*What is required*. Leaving out every picture, quote the data below exactly as it appears.
Data section Start Marker
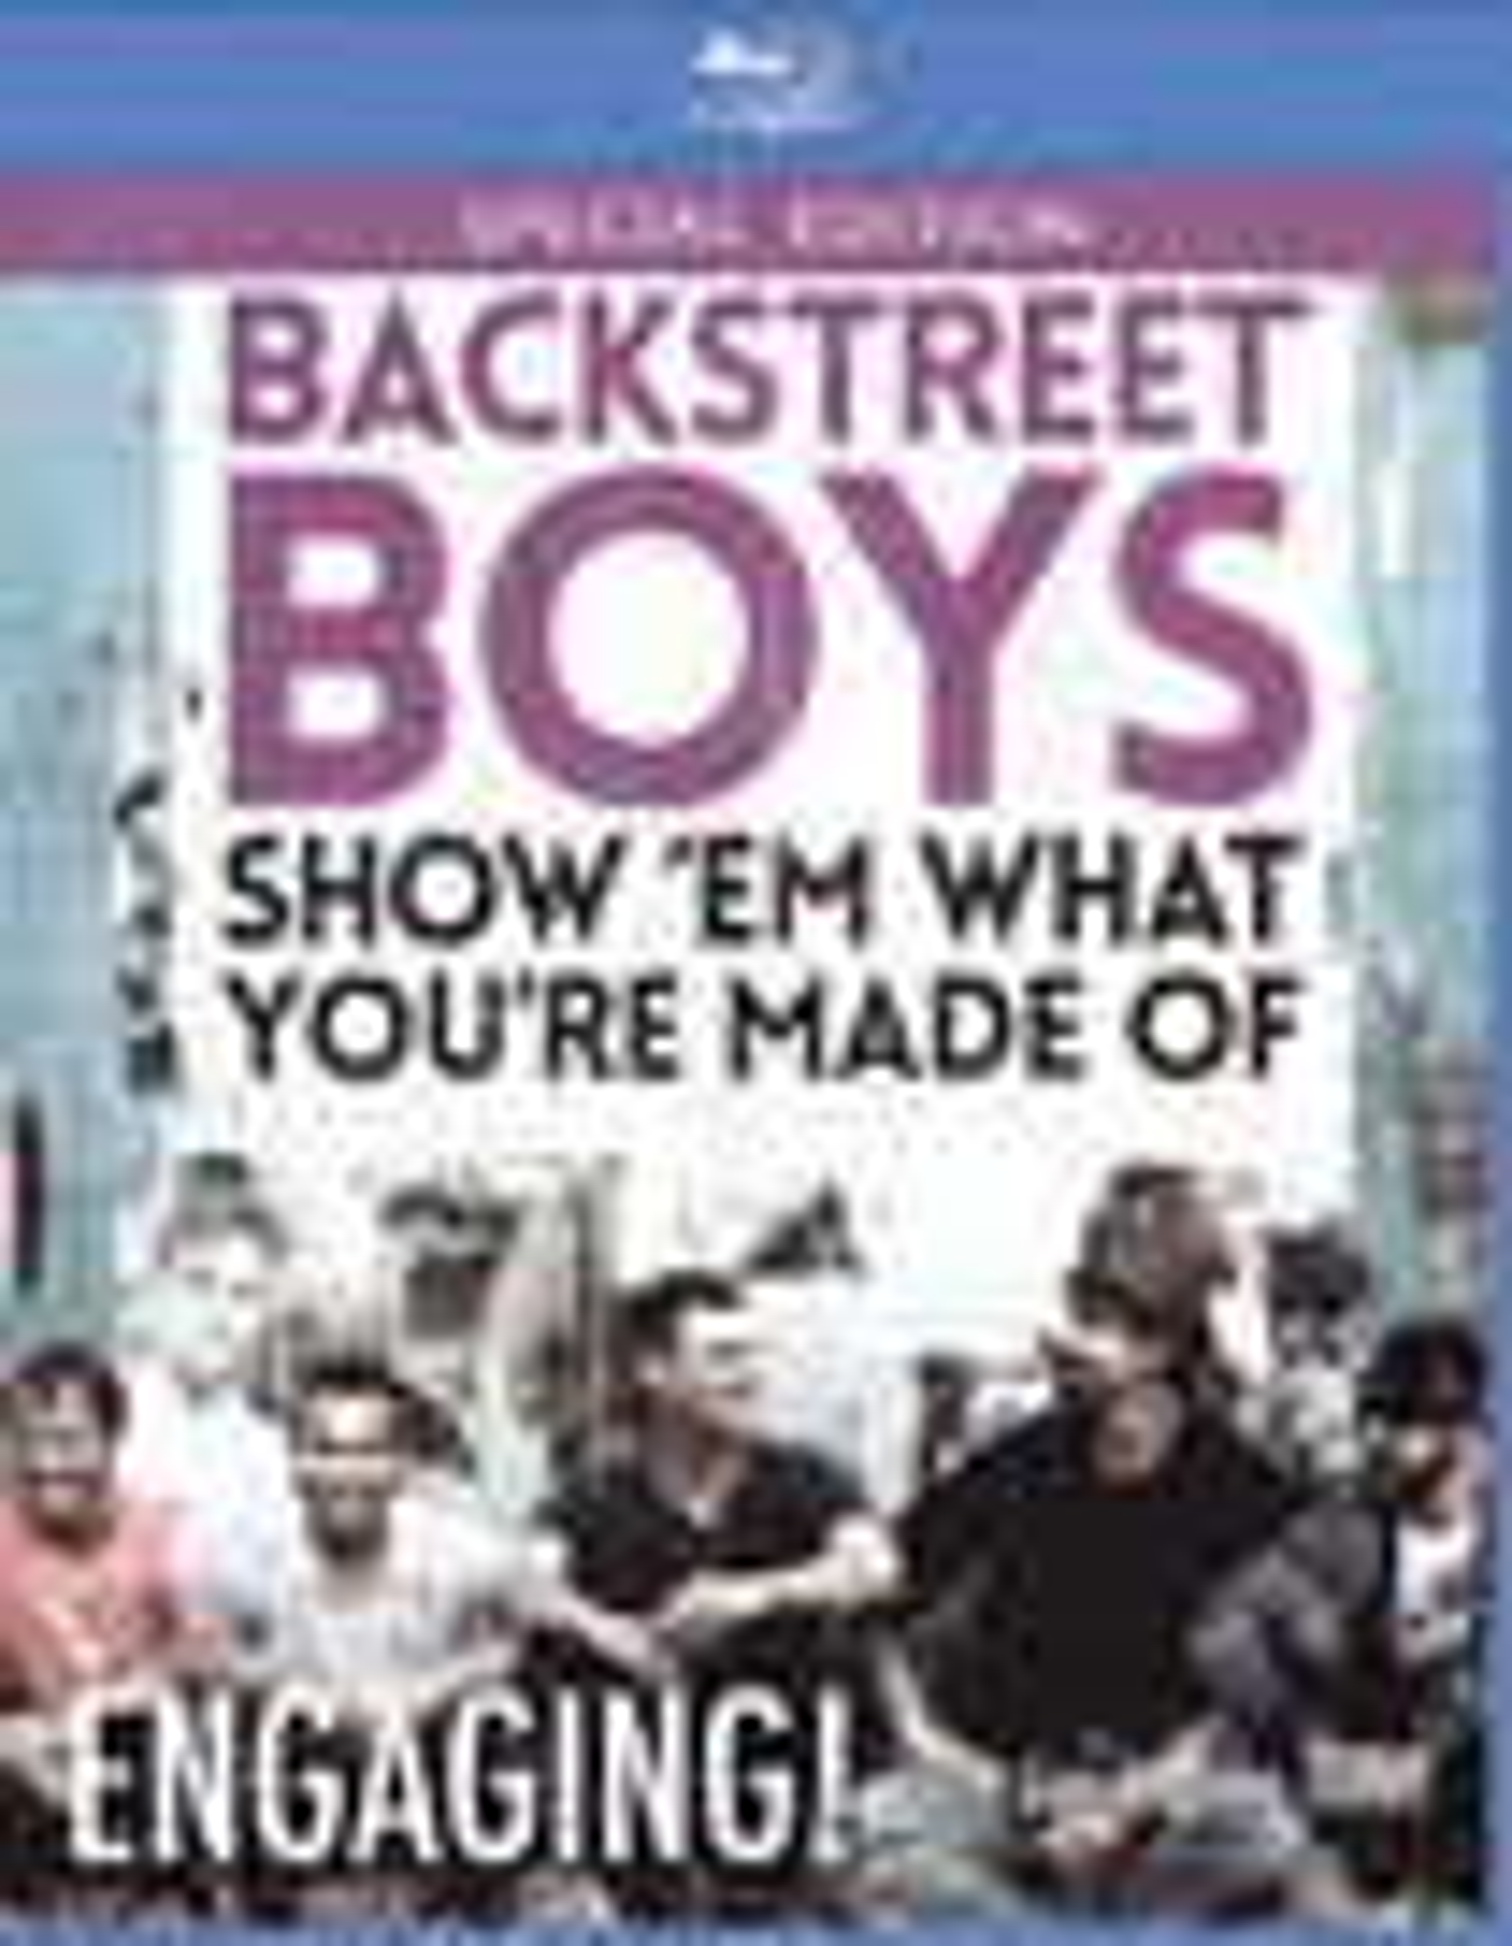 Backstreet Boys: Show Em What You're Made Of [blu-ray] [2015] 28355414
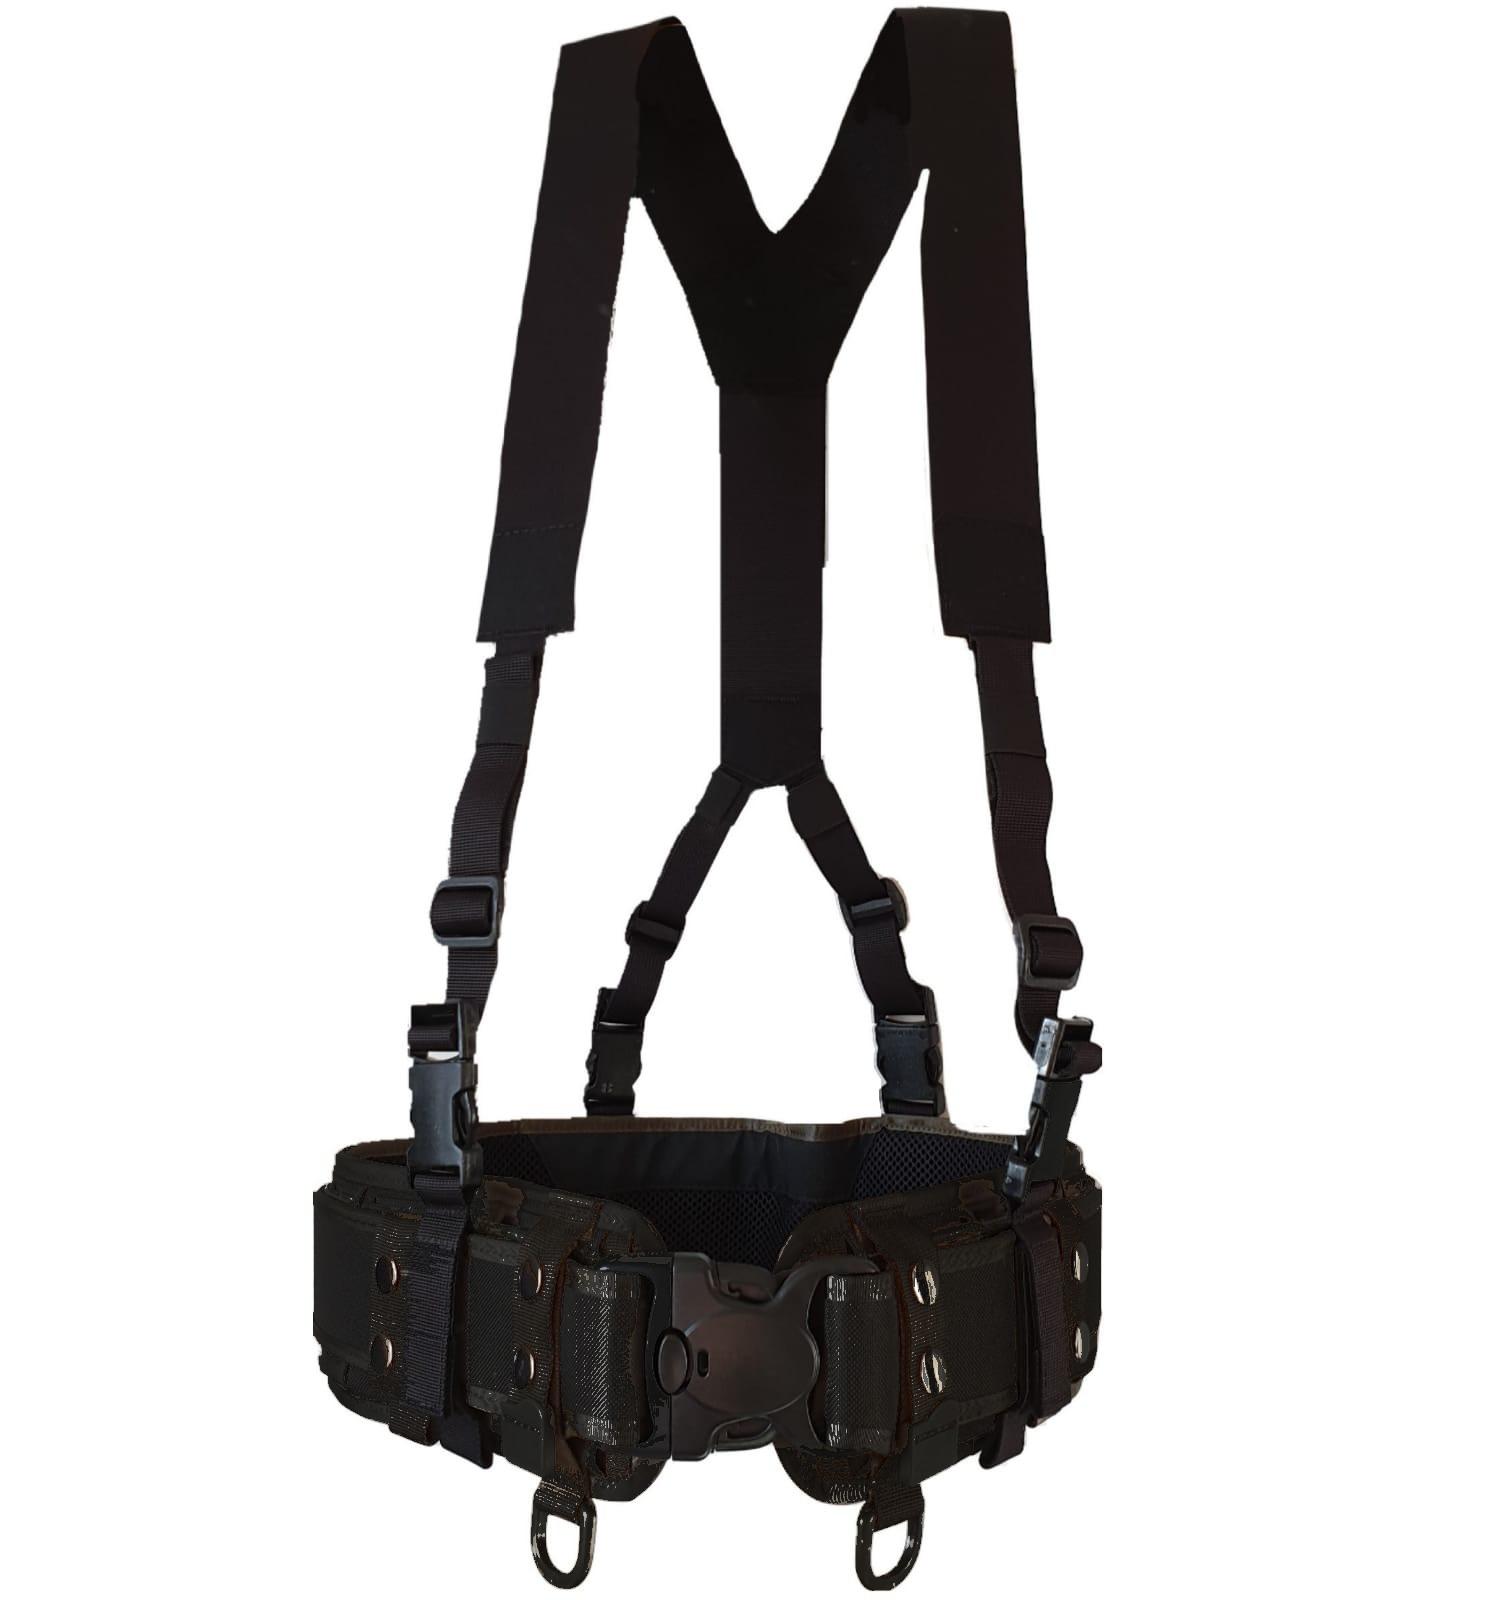 Authorities Suspenders, BLACK
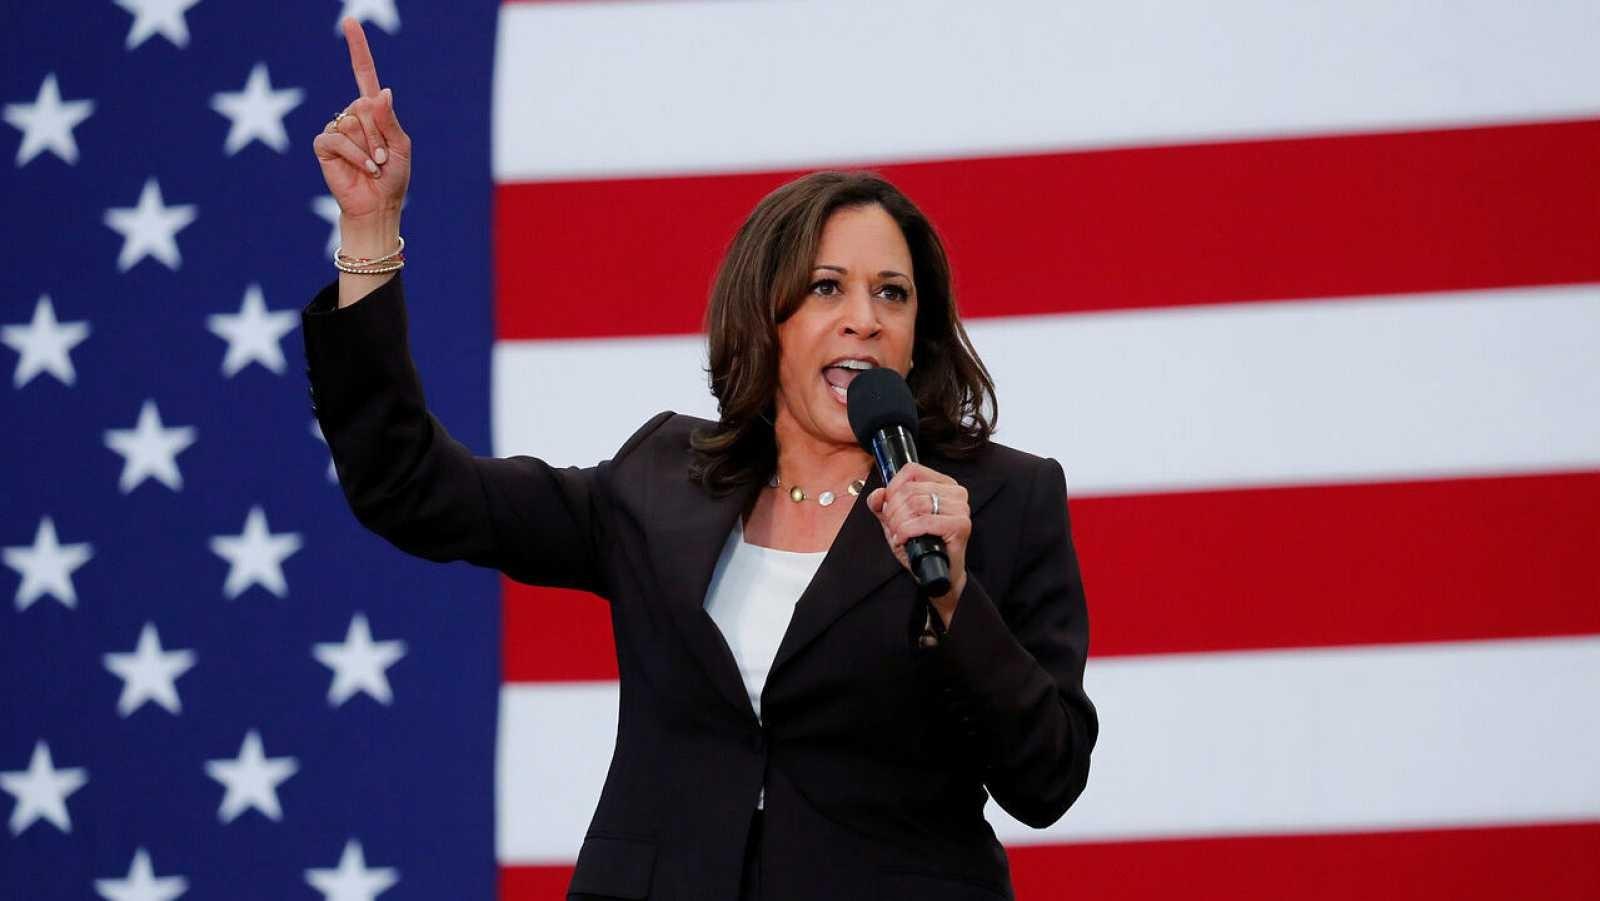 USA. KAMALA HARRIS, vicepresidenta electa: primera mujer en llegar a la Casa Blanca
Data section End Marker
*Task solution*.
 Backstreet Boys: Show Em What You're Made Of [blu-ray] [2015] 28355414
 Authorities Suspenders, BLACK
 USA. KAMALA HARRIS, vicepresidenta electa: primera mujer en llegar a la Casa Blanca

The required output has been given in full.